# Replacing the Economizer



## jamesgpobog (Feb 18, 2012)

Another one of my sea stories...


Replacing the Economizer

It was very soon after I had reported on board, probably just a matter of a day or two, that B division embarked on a rather amazing repair job to one of the boilers, a Babcock & Wilcox 450lb sectional header (“K”) type.

Before I had come on board, the economizer on #3 (starboard aft) boiler had gone bad. The project to replace it went to Chief Wassom, that never-smiling (seemingly) old man who was all of 30. Under his direction, the old economizer had been cut out, but then had to be removed from the boiler room and the new one brought in and installed. I don’t know how the old one was taken out, if it went in one piece, or was cut up, but I do know that the new one was about eight feet long, close to three feet wide, five to five and a half feet tall, and weighed about ¾ of a ton. Think of a giant steel multi row car radiator. This thing was big and heavy.

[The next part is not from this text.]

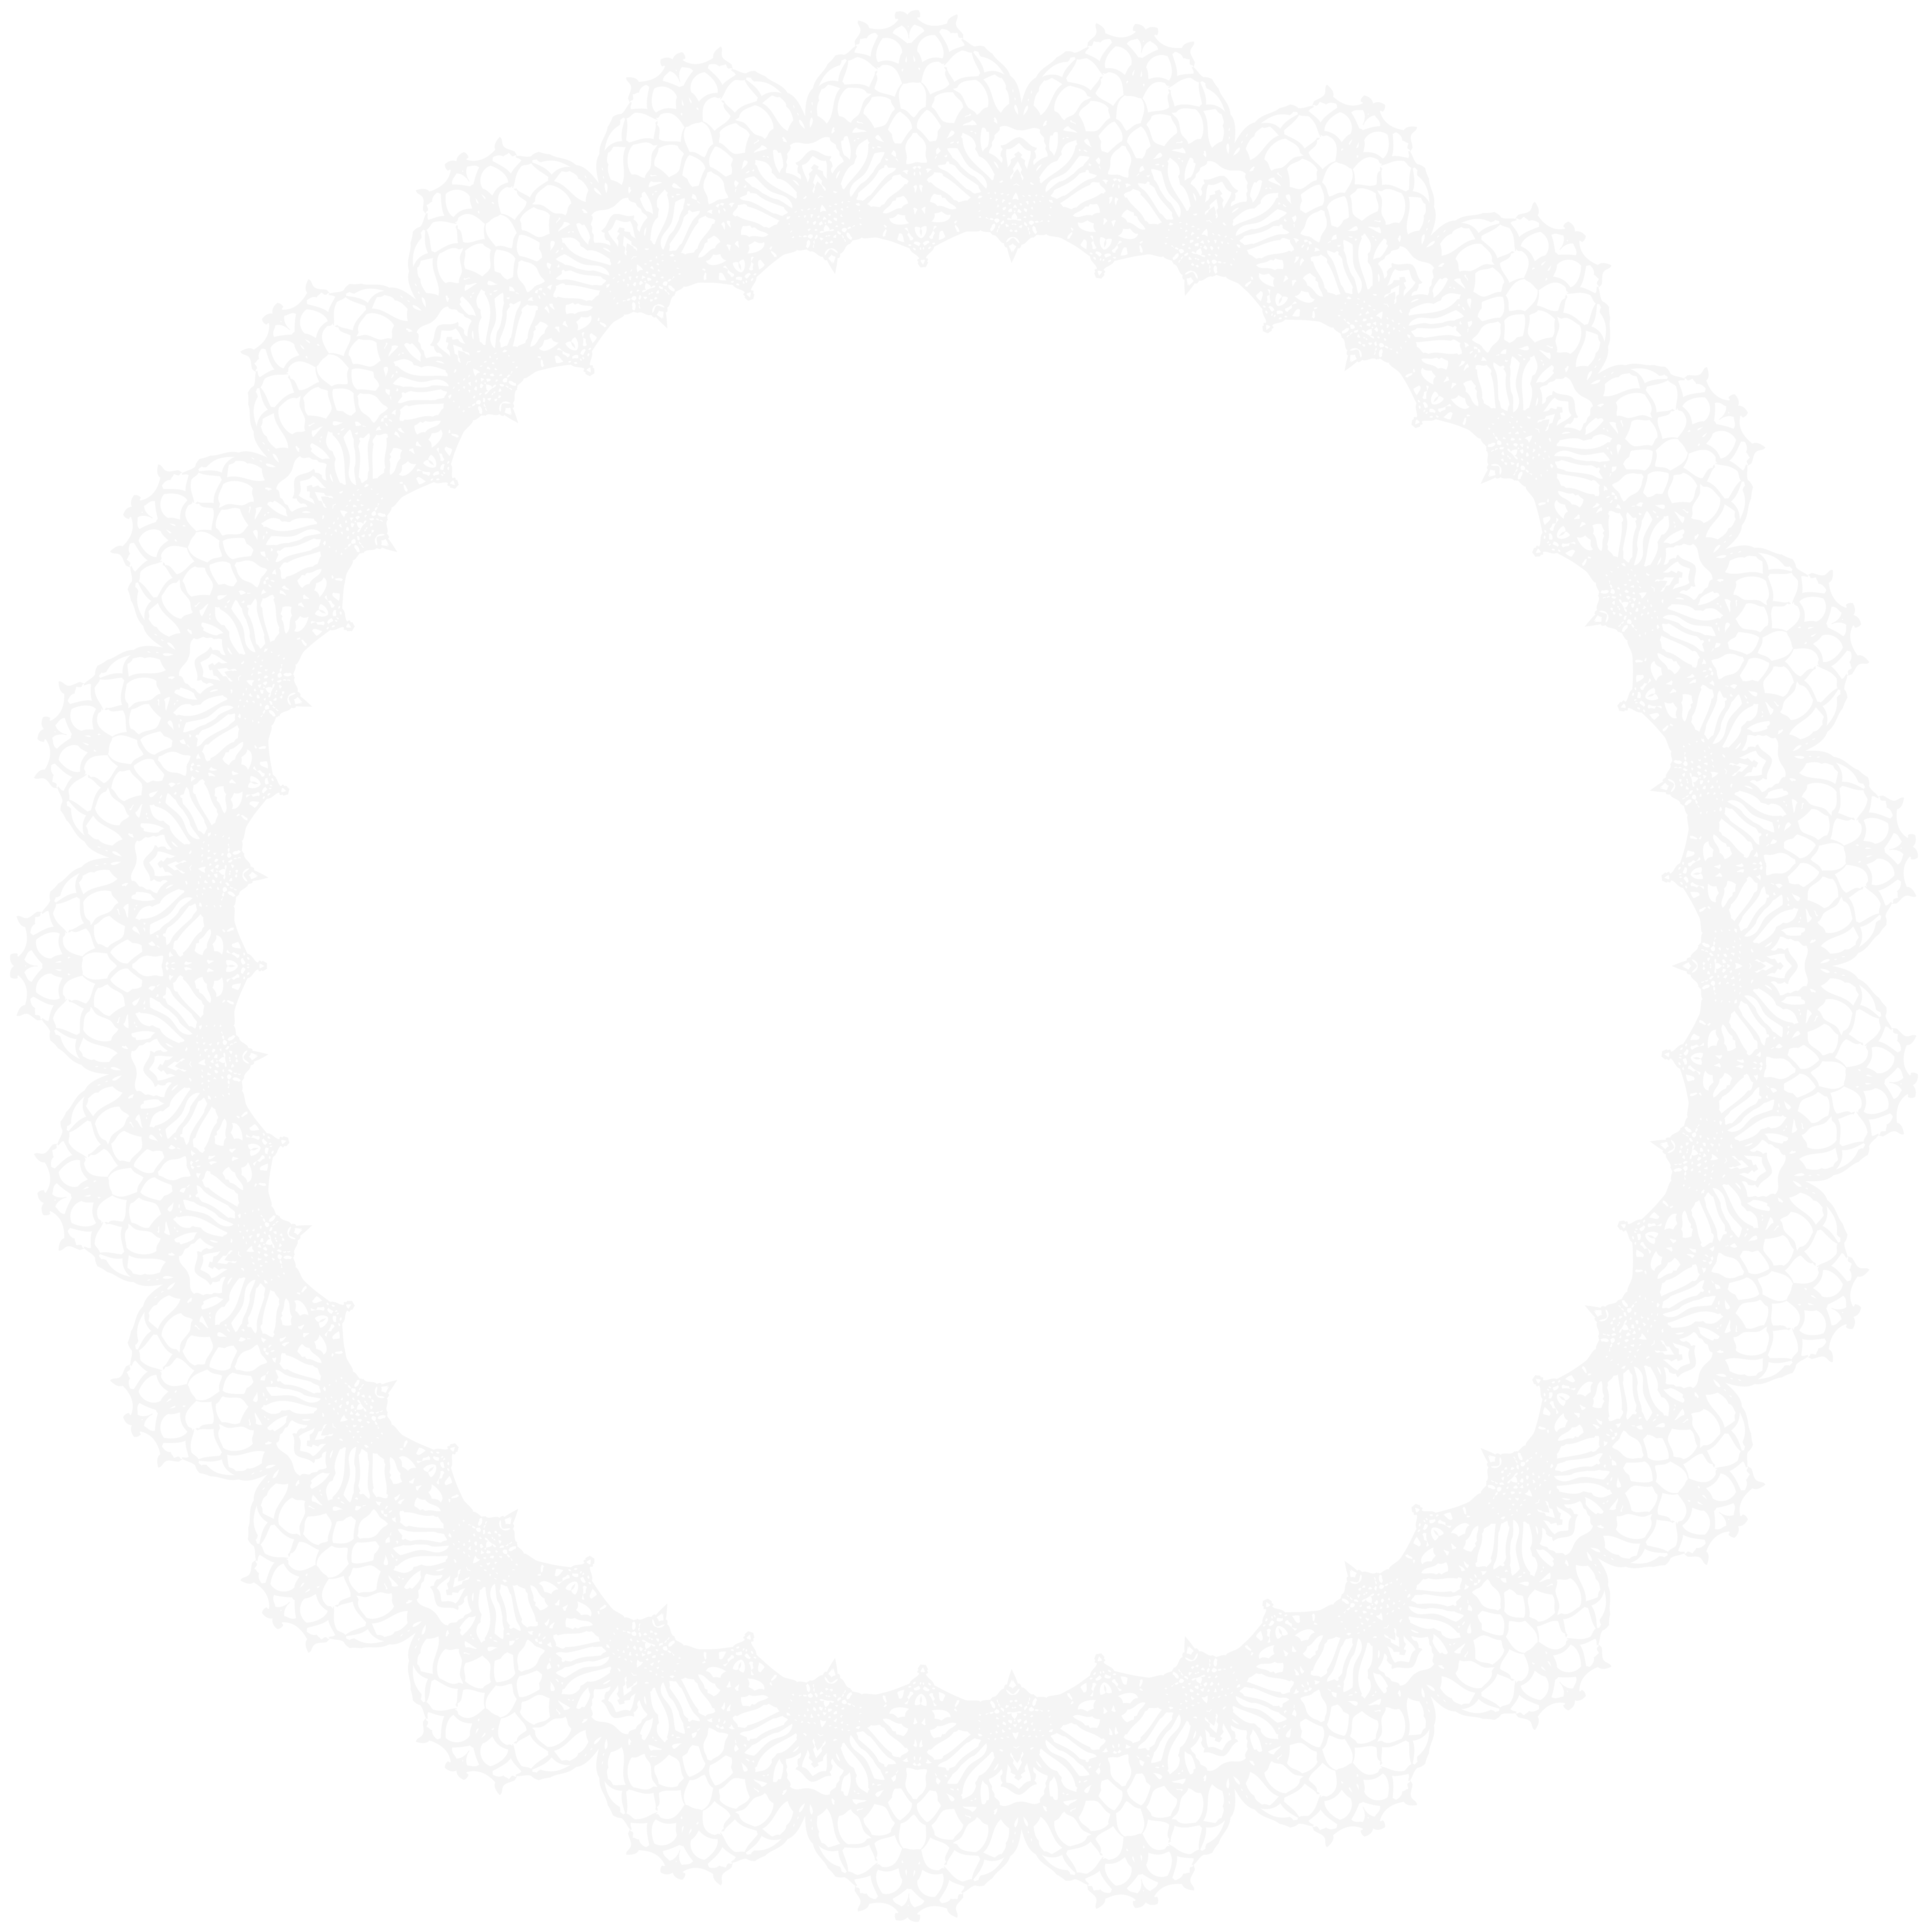 Free lace Clipart Images

Chief rounded up all the grunts in the division, probably 12-15 of us and that’s when I realized…”He wants us to carry this damn thing!” It gets even better….it was stowed in a wooden crate up on the 03 deck next to the smokestack, and it needed to get four decks down into the boiler room.

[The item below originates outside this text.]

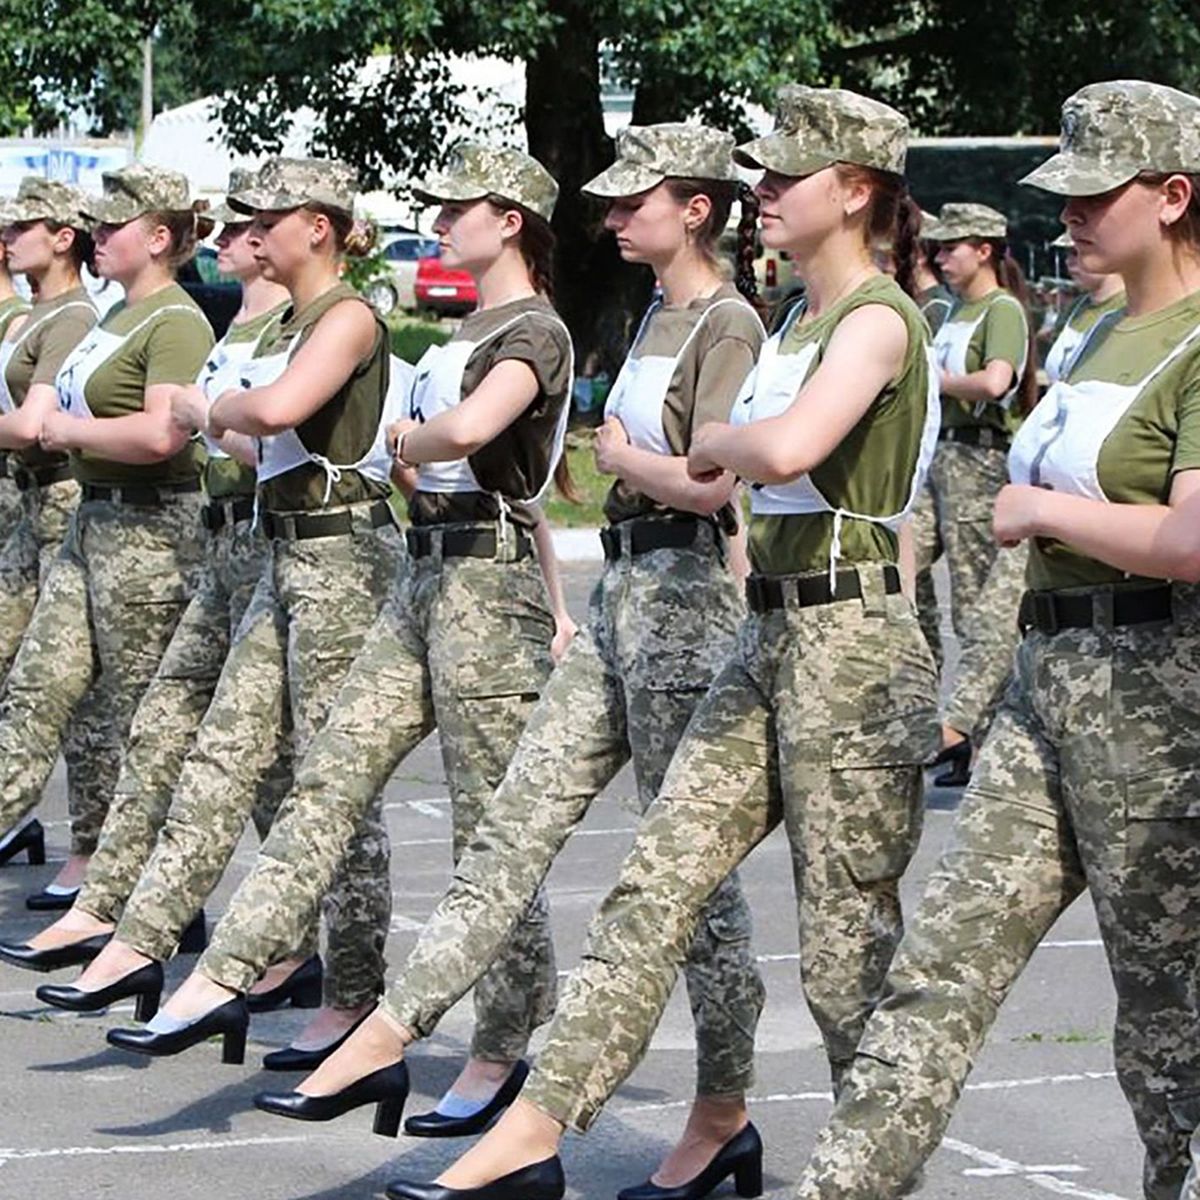 army's decision to female soldiers march in high heels sparks backlash

I did not think it was going to be possible and someone was going to get hurt or killed moving the monster. Chief obviously thought otherwise.

So, we began, everyone grabbing where they could, pushing, pulling, and manhandling the brute as best we could. I don’t know how we did it, but we actually moved it down two very steep ladders (open stairways) completely by manpower alone. That brought us to the point where we had to move it inside the ship, up until now it had all been work out on deck.

It had to come inside, go down one more deck, move into the boiler room, and then be maneuvered onto the boiler. Chief had actually planned the move pretty well and several holes had been cut in the bulkheads (walls), a ladder cut out, and pulleys rigged in several places. We still had to push and pull it around, but once it got inside it actually was easier to move around and it was placed on the boiler ready to be hooked up without anyone getting hurt. The whole project only took a few hours too. I’m sure building the Pyramids was harder, but back then it felt pretty darn close to the same thing for me.


----------